Thomas Jefferson’s initial draft was amended in committee: English activist Thomas Paine’s bestseller Common Sense had delineated arguments for independence to popular acclaim in both nations, even offering ideas for a permanent congress. The Articles of Confederation that served as a temporary constitution were designed to deal with current problems. The symbolic power of the document, denouncing remote rule and explicitly arguing for the right to create a nation-state, was huge: it served as model for dozens of other countries.
The Space Race
The potential for rocket flight beyond the atmosphere, fostered by Robert Goddard in the USA and hobbyists in Britain and the Soviet Union, was developed in Nazi Germany for military use.
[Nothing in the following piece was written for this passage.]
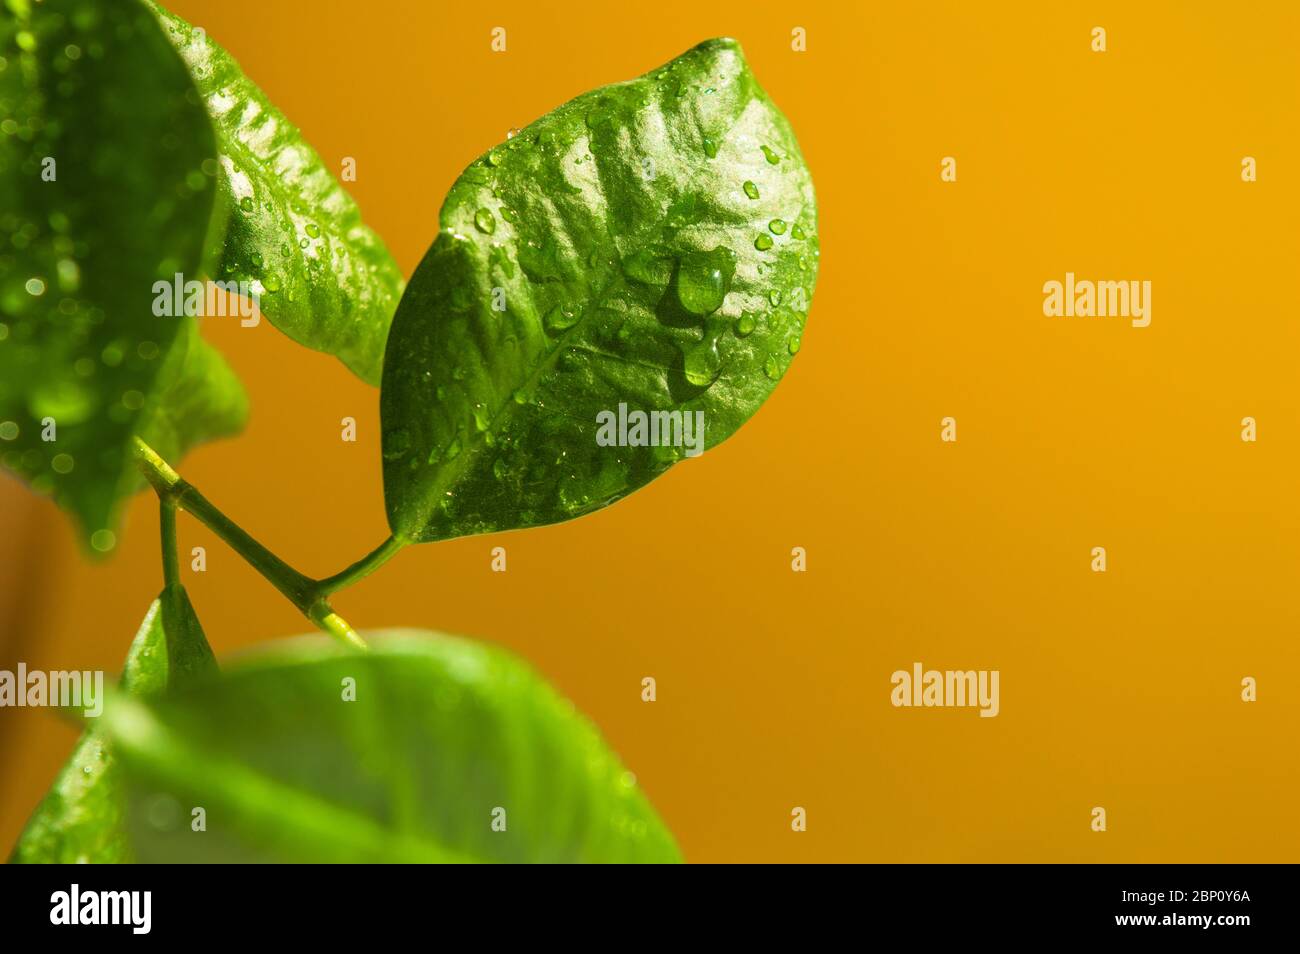 Vert aiguisez les feuilles de ficus bonsai avec de minuscules gouttes d'eau et d'autres feuilles floues sur le coin gauche sur le fond jaune foncé et lumineux. Ensoleillé Banque D'Images
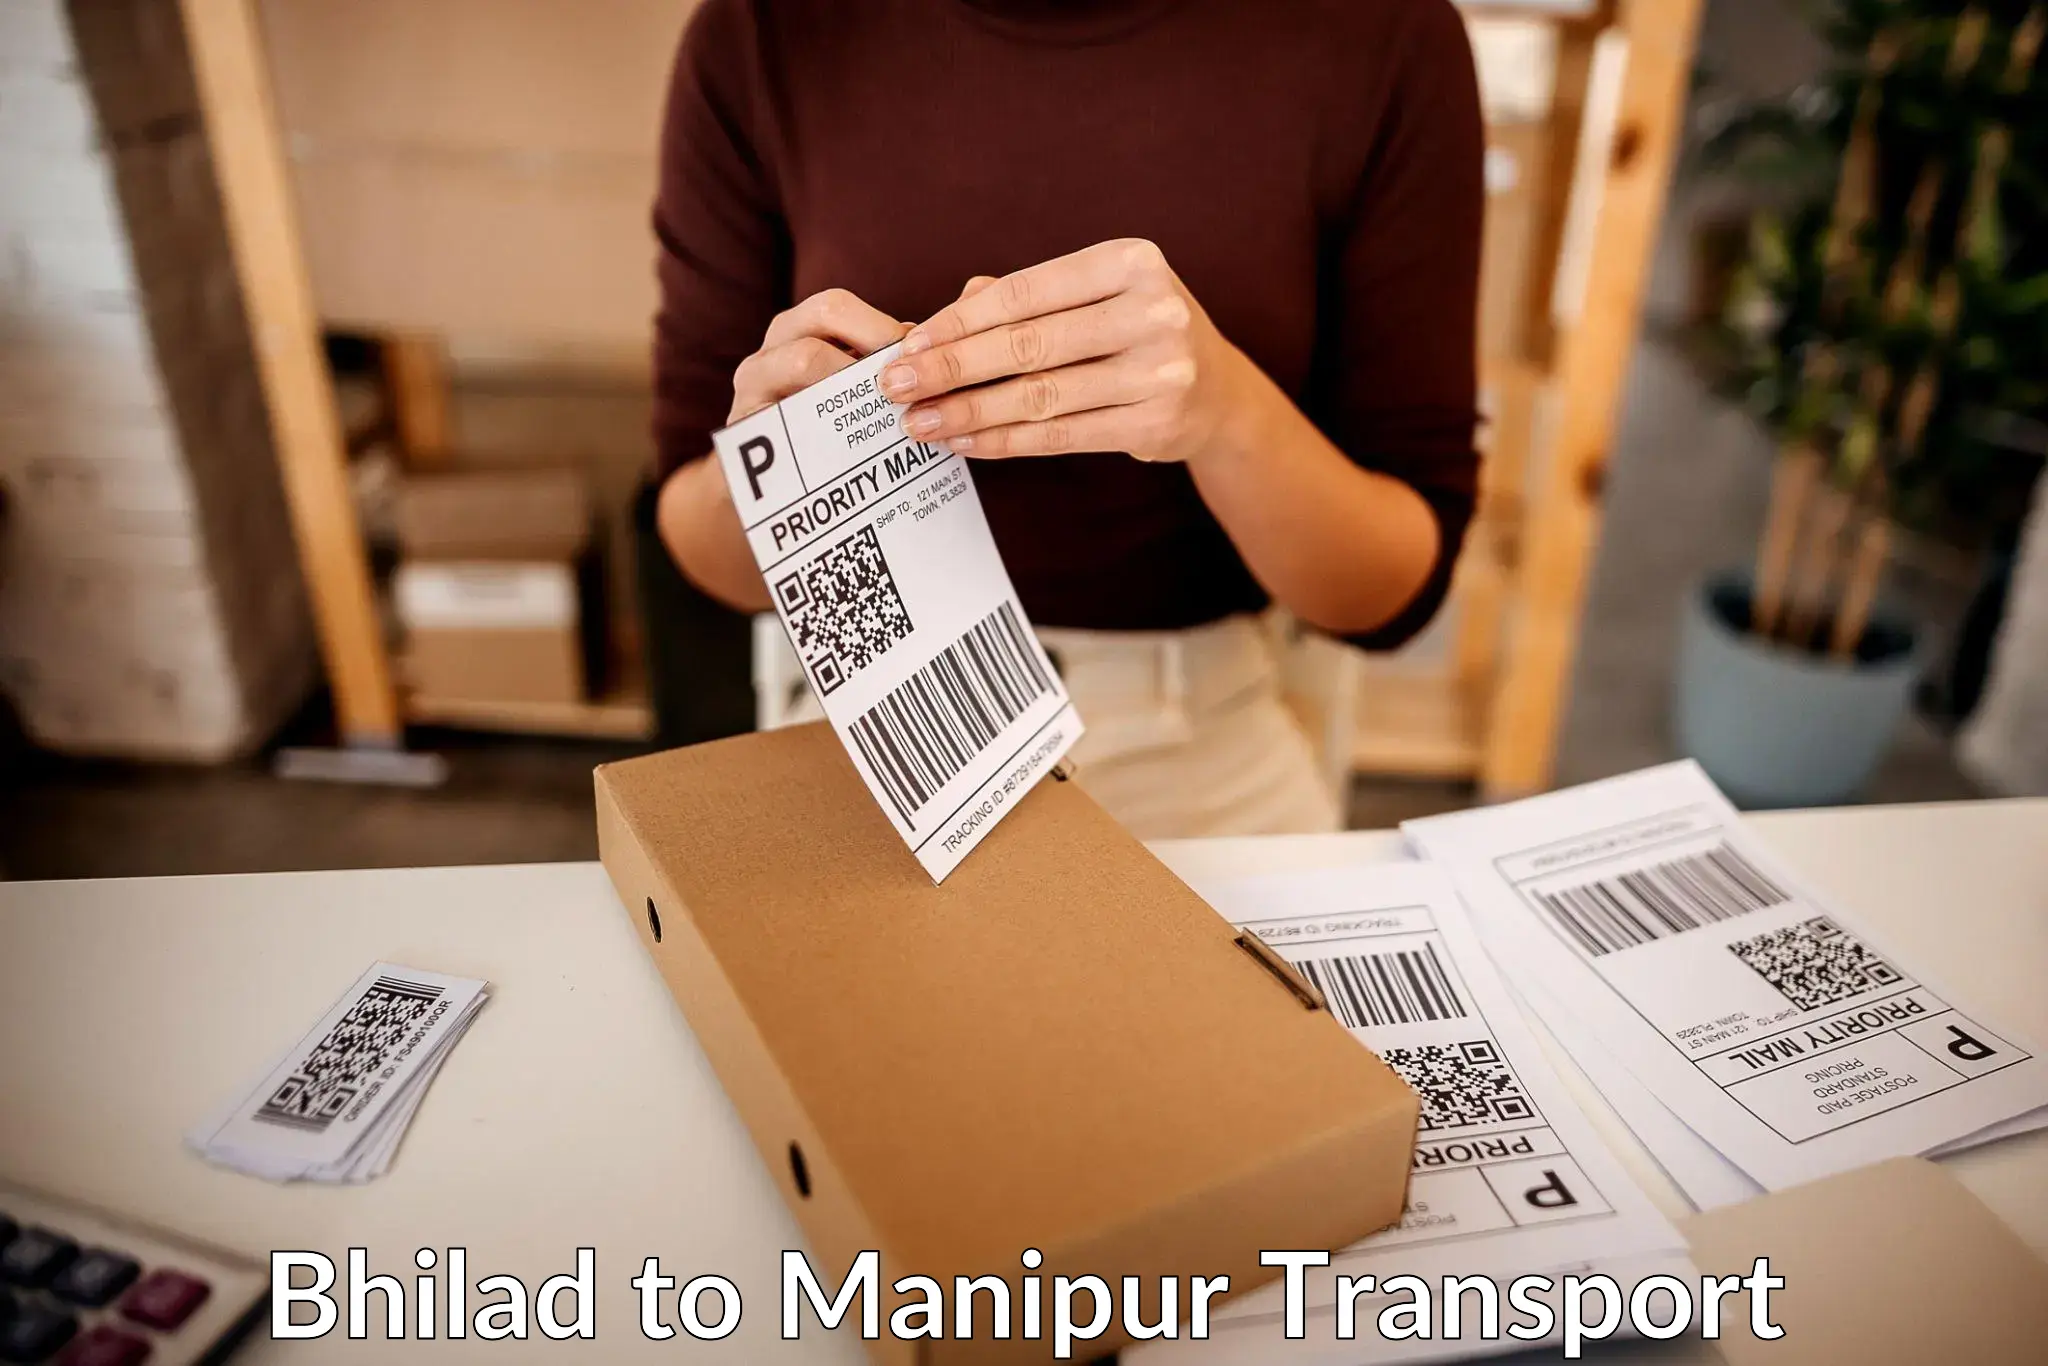 Furniture transport service Bhilad to Kangpokpi

Postwar, the new Cold War rivals recruited Hitler’s experts to work on both space travel and long-range missiles, and on 4 October 1957, the Soviets launched the first satellite, Sputnik I. Aside from the propaganda, America feared other payloads, and after Yuri Gagarin orbited Earth on 12 April 1961, President Kennedy vowed to land a man on the Moon by 1970.
Neil Armstrong took the first step onto another world on 20 July 1969. Thereafter, interest in manned expeditions waned: Nixon, beleaguered by Vietnam, curtailed funding and the US space agency NASA concentrated on a reusable shuttle to near-Earth space, and unmanned probes to other planets. Weather, communications and surveillance satellites make space economically significant, though in the West, private enterprise is now leading the way. Russia continues manned launches, while China and India are in a new space race.
Homo neanderthalensis’s close affinity to modern humans and European stronghold meant that it was the first fossil hominid to attract attention (discovered in Germany’s Neander valley in 1857). The Neanderthals seem to have settled after the first wave of hominid migration from Africa and to have persisted until about 40,000 years ago. Homo sapiens, meanwhile, may have arrived from Africa 60,000 years ago, so could have played a major role in Neanderthal extinction. DNA evidence for interbreeding is as yet inconclusive.
Scientists originally surmised that Neanderthals were unintelligent, hunchbacked beings, largely because one of the first skeletons found was of an arthritic man. More recent finds have shown that they were physically powerful, and evidence is increasing of abstract reasoning and large cerebral capacity. Physically capable of limited speech, they had sophisticated flint tools.